Amazon is reducing the commissions it pays affiliates who advertise and connect to the eCommerce giant’s products in their sites. The program, known as Amazon Associates, has been set for years and is a meaningful source of revenue for affiliates, such as publishers. In a memo obtained from CNBC, Amazon said it’s reducing the commission rates starting April 21.
A spokesperson for the tech giant would not say whether the movement was driven by the COVID-19 pandemic. As an example rates for furniture and home improvement products have been cut to 3 percent from 8% whilst grocery product commission prices dropped to 1% from 5%.
The commission reductions are a substantial blow to a Amazon affiliates who rely on commissions because a main part of their earnings.
Websites such as BuzzFeed publish buy lists that induce readers to Amazon goods in return for a cut of those sales. The cuts employ to U.S. affiliates, the Amazon spokesperson said, noting it regularly assesses its programs and that changing commission rates is a conventional industry wide practice The movement to decrease the percentage affiliates get for Amazon merchandise sales comes only days after the eCommerce giant began accepting imports of non-essential things from third-party sellers who make up more than 50 percent of its earnings.
Amazon was prioritizing essential orders required amid the pandemic but will currently accept products out of that in its warehouses at the U.S.
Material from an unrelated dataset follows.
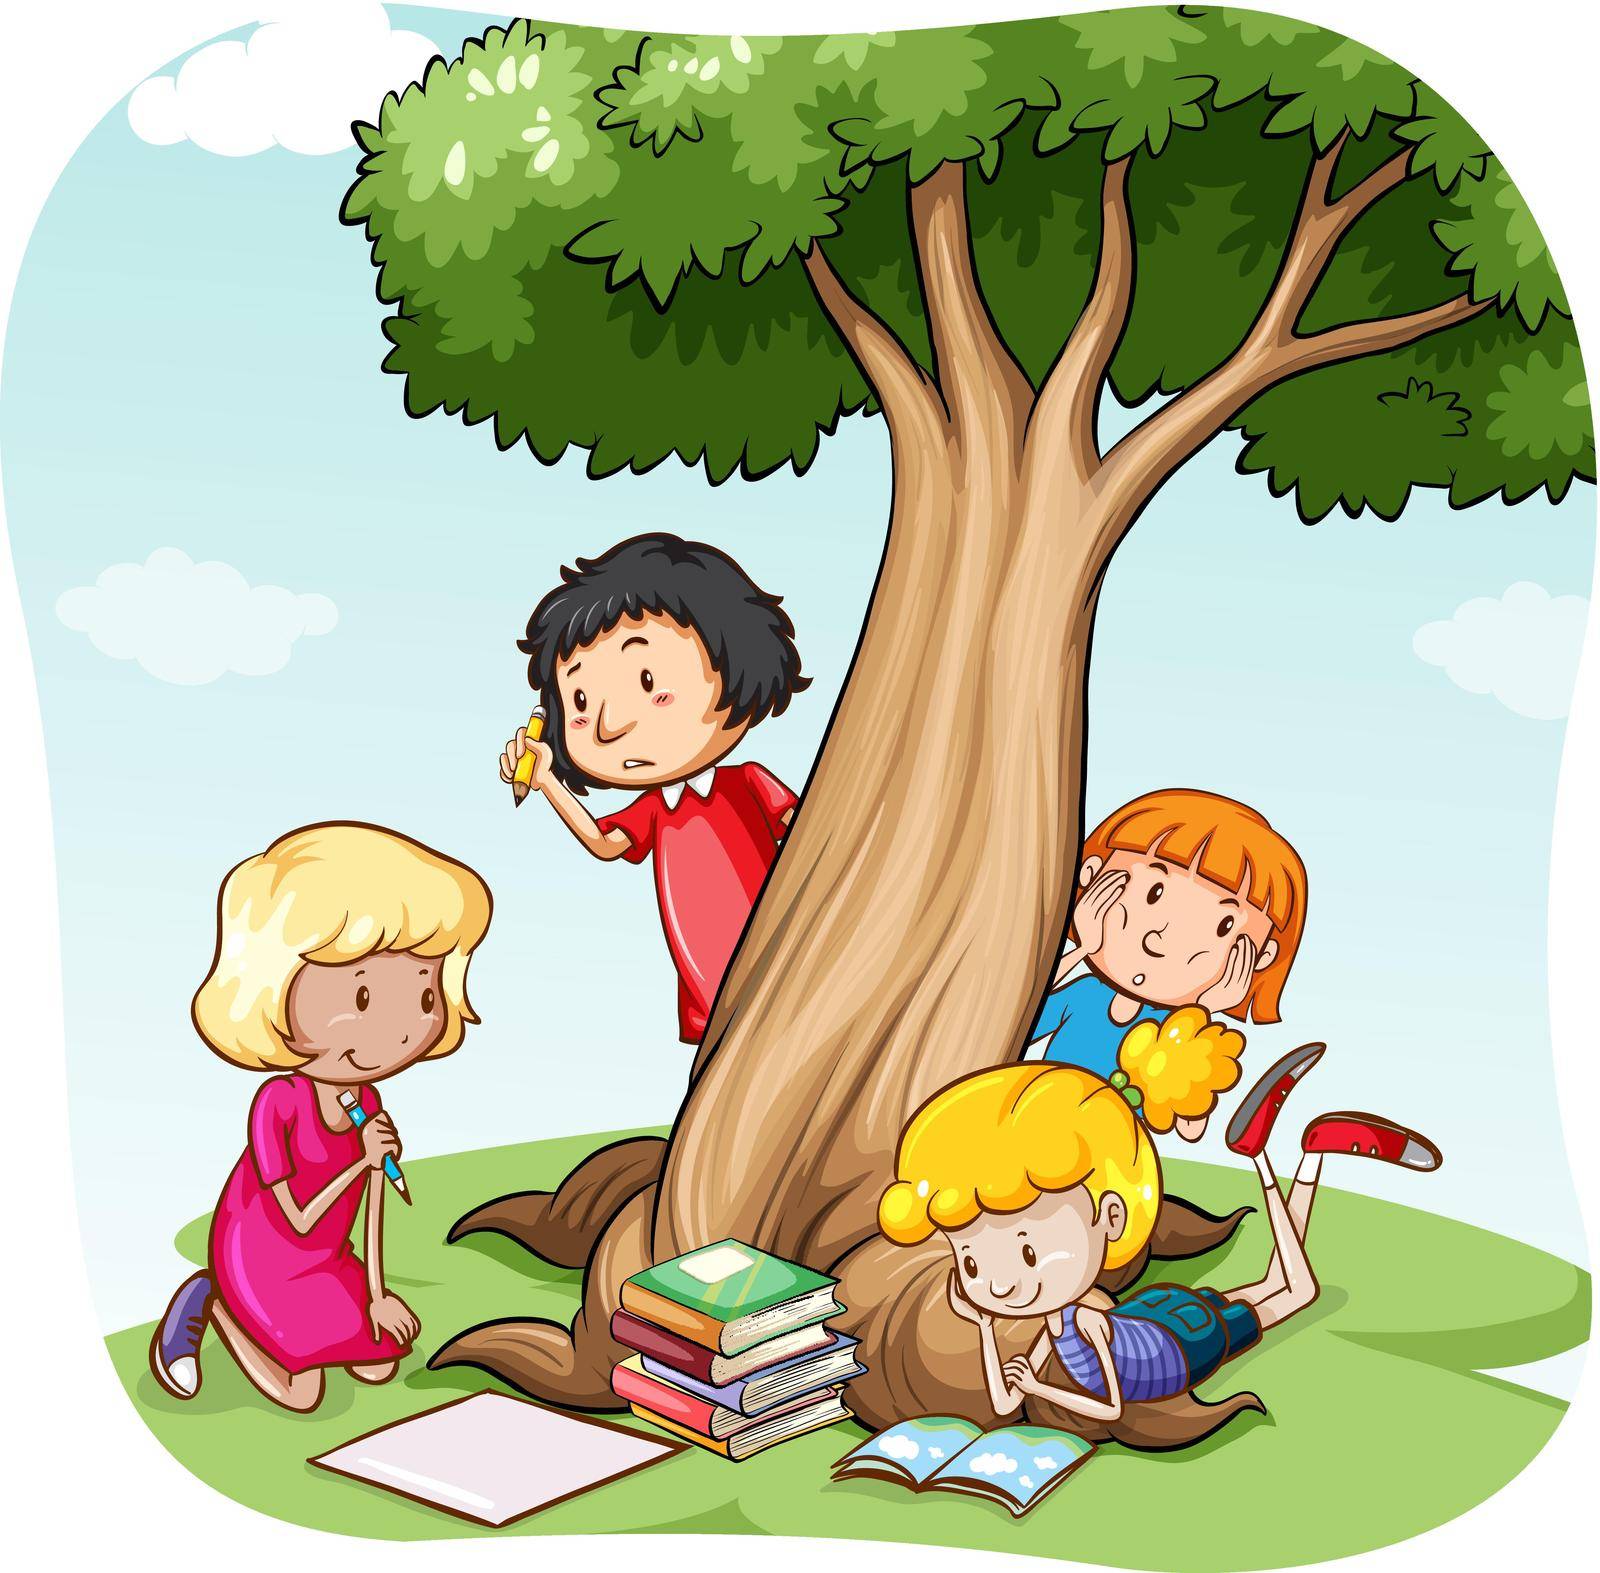 Children reading and writing under the tree

Here’s what Amazon is telling members of its affiliate program:
We hope you are staying well during this time. We are writing to inform you of upcoming changes to the Amazon Associates Program Operating Agreement, which governs your participation in the Amazon Associates Program. All changes are effective as of April 21, 2020.
Visit the What’s Changed page to see a summary of these changes. You can also find the Operating Agreement, Program Policies, and the Fee Statement if you would like to refer to the current, pre-change versions.
The Amazon Associates Program
Amazon’s business has been impacted on a number of fronts as a result of the coronavirus outbreak. Hit with a surge of online orders, the company moved to prioritize shipments of essential items in its warehouses, though it has since begun winding down those restrictions. The virus also forced Amazon to temporarily pause its Prime Pantry delivery service, while its Amazon Shipping pilot program will be halted in June.
Prior to Tuesday’s announcement, Amazon had already made some cuts to its commerce marketing deals. Last month, the company informed digital media firms it would suspend commerce marketing deals, according to The Information.
One member of the program, who asked to remain anonymous, said they “cannot afford” the fee cuts that were announced, since a main portion of their income comes from commissions earned via Amazon links. The member runs several Facebook groups that advertise shopping deals across the web, including Amazon products.
“All the affiliates I talk to make the majority of their money from these categories,” the member said. “It’s going to hurt a lot of people.”
Bloggers and online businesses voiced their frustrations about the cuts on Twitter and Reddit. In a Reddit forum for affiliate marketing, one member of the program wrote: “These slashes are ridiculous. Together with a high chance of upcoming recession, SEO/affiliate outlook is pretty gloomy, to be honest.”
Jamie French is an author, journalist and CEO of themostactivestocks.review, a leading stocks and markets website. He has more than 5 years of experience in institutional investment markets, including fixed income, equities, derivatives and real estate. He has a Bachelor in Business Administration with a major in Finance. He bought his first stocks in a private business at age 15 and made his first public stock trade at 23. David has always been interested in the stock market and how it behaves.
As the dad of two children, he’s made saving money and investing for them a high priority. Over many years of investing, he has made some wise choices and he’s made many mistakes. But he’s learned from both. Mr. Jamie observations and experience give him the insight to stock market patterns and the investor behaviors that create them.